¿Era una copia? Se preguntó una y otra vez en el viaje de retorno. ¿Si lo tenía Irales eso quería decir que la Viuda Negra ya se lo había vendido?
Envió un telegrama a Justo en cuanto llegó al hotel:
Irales tiene un pectoral. Dice que es una copia. Yo no distingo. Mándame a Cristóbal de Olid para que eche una mano. Héctor.
Dio vueltas por el cuarto sin saber qué hacer. ¿Era estar en Madrid lo que lo paralizaba? ¿El no saber un carajo de joyas arqueológicas aztecas?
Salió al balcón a fumar y a ver la nieve. La patada del frío lo hacía regresar por la gabardina cuando vio a la vecina pelirroja trepada en el barandal de su terraza en equilibrio.
—¡Espera! —alcanzó a decir Héctor, pero quizá la muchacha sólo estaba esperando a tener un testigo, y dio un paso al vacío. La imagen de la mujer con el pelo revuelto, movido por el aire helado, los brazos separados, como un ángel o un trapecista, el camisón blanco, se le quedó fijada. Tuvo que frotarse y quitarse una lágrima en el ojo bueno antes de poder mirar hacia abajo. Estaban en un segundo piso, y el ruido metálico del impacto anticipó lo que había pasado. Ella se había estrellado contra la cajuela de un ford.

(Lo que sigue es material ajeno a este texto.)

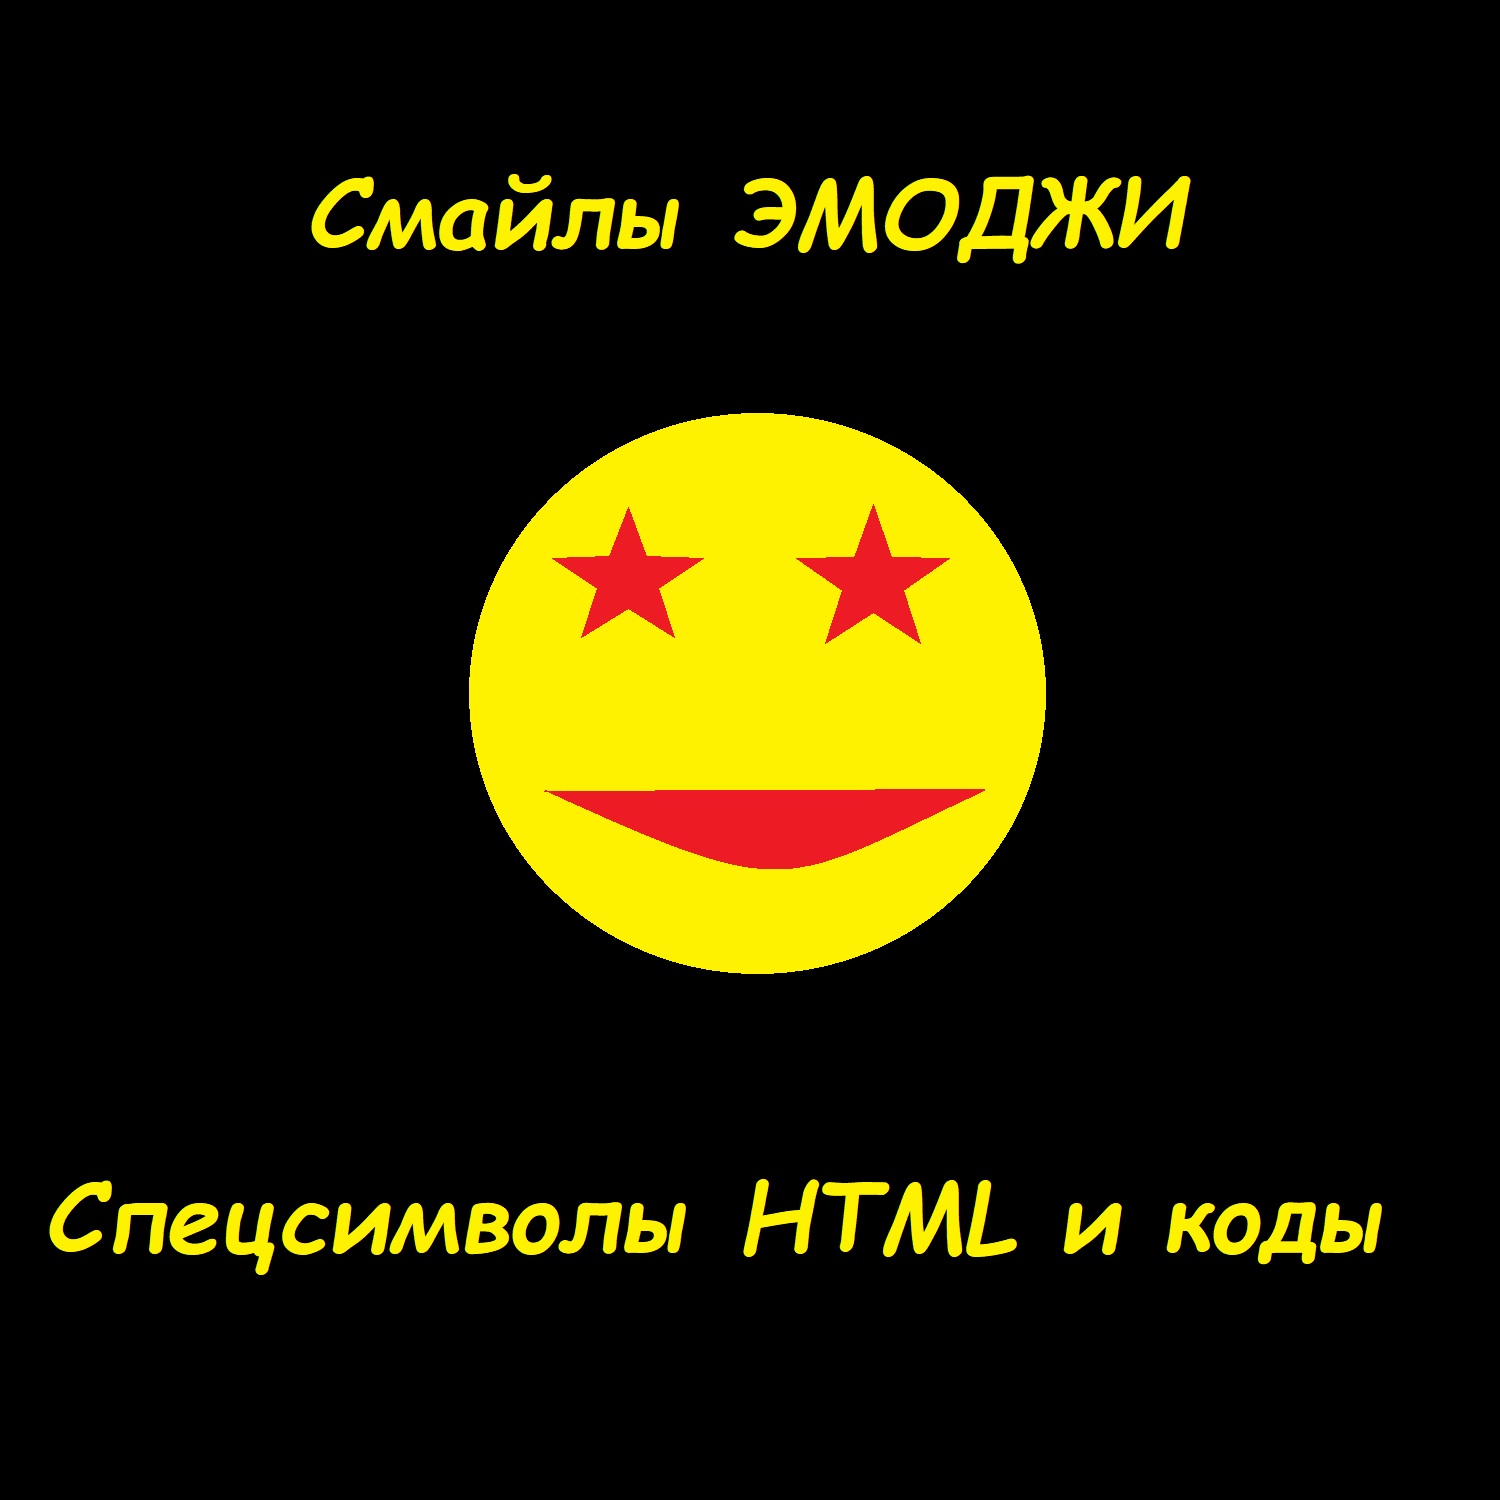 Смайлы эмоджи и спецсимволы HTML

—¿Hay algún médico en el hotel? —preguntó gritando al pasar al lado de un Luis Méndez que se mordía las guías del bigote mientras resolvía crucigramas.
—Una mexicana en el primer piso, la doctora Garnett. ¿Qué coño pasa?
Pero Héctor ya estaba en la calle. La muchacha estaba encajada entre dos automóviles, y se movía. La pierna derecha estaba en una posición muy extraña, seguro rota, y había sangre en el camisón. Héctor no se atrevió a tocarla.
Méndez apareció en la puerta del hotel.
—Ahí viene la mexicana. ¿Qué más hago?
—Llama a una ambulancia.
Un grupo de juerguistas que salían del tablado flamenco de la esquina se acercaron palmeando, hasta que la visión del detective arrodillado al lado de la muchacha los detuvo.
Respiraba. Héctor le levantó la cabeza con cuidado.
—Yo sólo soy pasante de medicina —dijo a su lado una muchacha de pelo corto en pijama de franela.
—Yo ni eso.
—¿La asaltaron?
—No, se tiró del segundo.
La casi médica mexicana lo hizo a un lado. Cuidadosamente buscó el origen de la sangre que manchaba el camisón.
—Tiene una herida en el brazo. ¿Tienes una corbata?
Héctor negó y salió corriendo hacia el interior del hotel. Luego se detuvo, se acercó a uno de los mirones y le pidió la corbata con un gesto.
—Ya viene la ambulancia —dijo el recepcionista.
—Vaya mierda —dijo Héctor.
Un par de horas después, en la Unidad de Vigilancia Intensiva de un sanatorio al que no sabría llegar si tuviera que hacerlo solo, sentado en un sillón gris, Héctor se preguntaba por qué había esperado para verlo antes de tirarse. ¿Cuánto tiempo llevaba subida al barandal del balcón esperándolo la muchachita pelirroja?